The overall structure of the micro turbojet engine computer control system is shown in Figure 1.
The controller receives the thrust and start and stop commands in the form of PCM (Pulse Coding Modulation) issued by the remote control receiver (or the host computer), and drives the servos such as the oil pump, the oil valve, and the igniter to measure the temperature of the engine in real time. The speed is completed, and the control functions such as auto-ignition, acceleration, deceleration, speed stability, over-temperature and over-speed protection are completed, and the status parameters are sent to the PC in real time through the RS232 bus. System parameters can be modified through the handheld terminal.
In order to facilitate system debugging and test engine performance, the real-time detection software ECU1.0 (Engine Control Unit, Version 1.0) running on the Windows platform was also developed.
1 hardware design
The C8051F021 microcontroller is a high-performance 8-bit SOC microcontroller from Cygnal Corporation of the United States. Mainly have the following advantages:
(1) Adopting pipeline technology, the peak processing speed can reach 25MIPS, which is much higher than other 51 single-chip microcomputers.
(2) With 12-bit 8-channel successive comparison ADC, the data conversion rate can reach 100ksps.
(3) On-chip RAM of 4K bytes and Flash program memory of 64K bytes.
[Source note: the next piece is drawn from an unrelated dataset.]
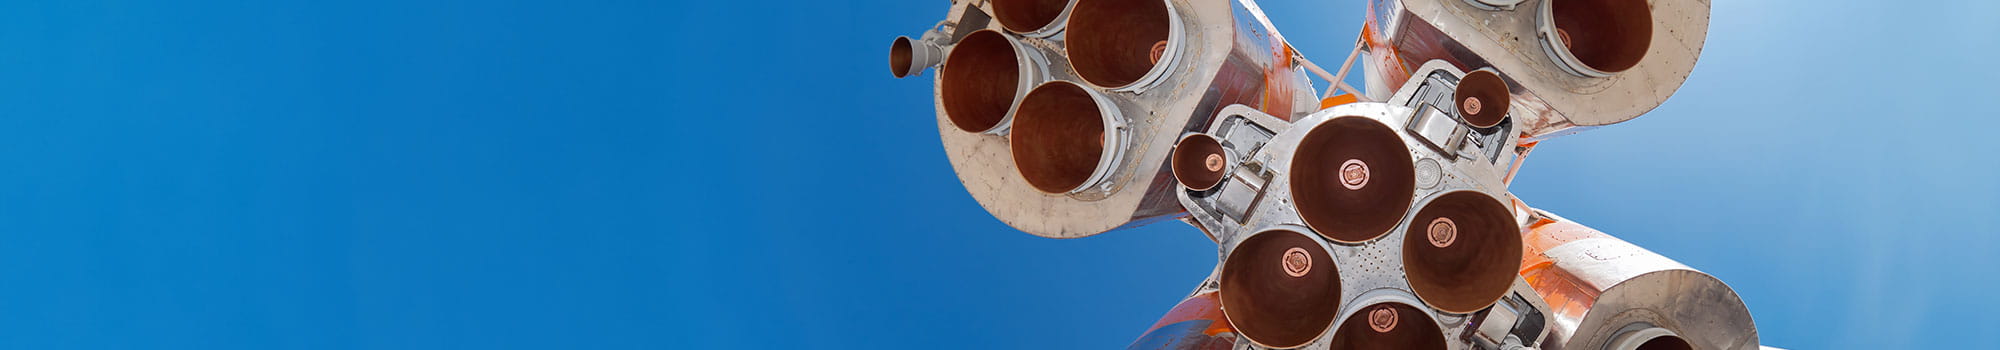 Details einer Weltraumrakete, Triebwerk vor blauen Himmel

In this application system, there is no need to expand the memory.
(4) Five programmable PWM control signals are available.
(5) Rich timer resources with five hardware timers.
(6) Provide I2C bus control module and two UART ports.
(7) On-chip FLASH supports IAP (programmable in application). Therefore, infrequently modified data such as configuration parameters, lookup tables, etc. can be directly stored in the FLASH on the chip without external expansion of the non-volatile memory.
C8051F021 single-chip microcomputer has a wealth of on-chip hardware resources and high computing speed. For this control system, it can meet the demand of hardware resources of control system with little margin. Figure 2 is a block diagram of the system hardware.
1.1 Speed ​​measurement module
The engine speed is measured using an infrared pair tube. A through hole is drilled in the shaft of the engine, and the connection of the transmitting-receiving pipe is passed through the hole during installation. The infrared receiver tube will conduct twice per revolution of the engine. Since the on and off states are gradual, and the ordinary infrared tube switching speed is low, when the engine is running at high speed (up to 120,000 RPM), the amplitude of the pulse signal output from the receiving tube is small, and the rising edge/falling edge is relatively gentle. The MCU cannot be accurately identified and must be shaped. The shaping circuit is shown in Figure 3.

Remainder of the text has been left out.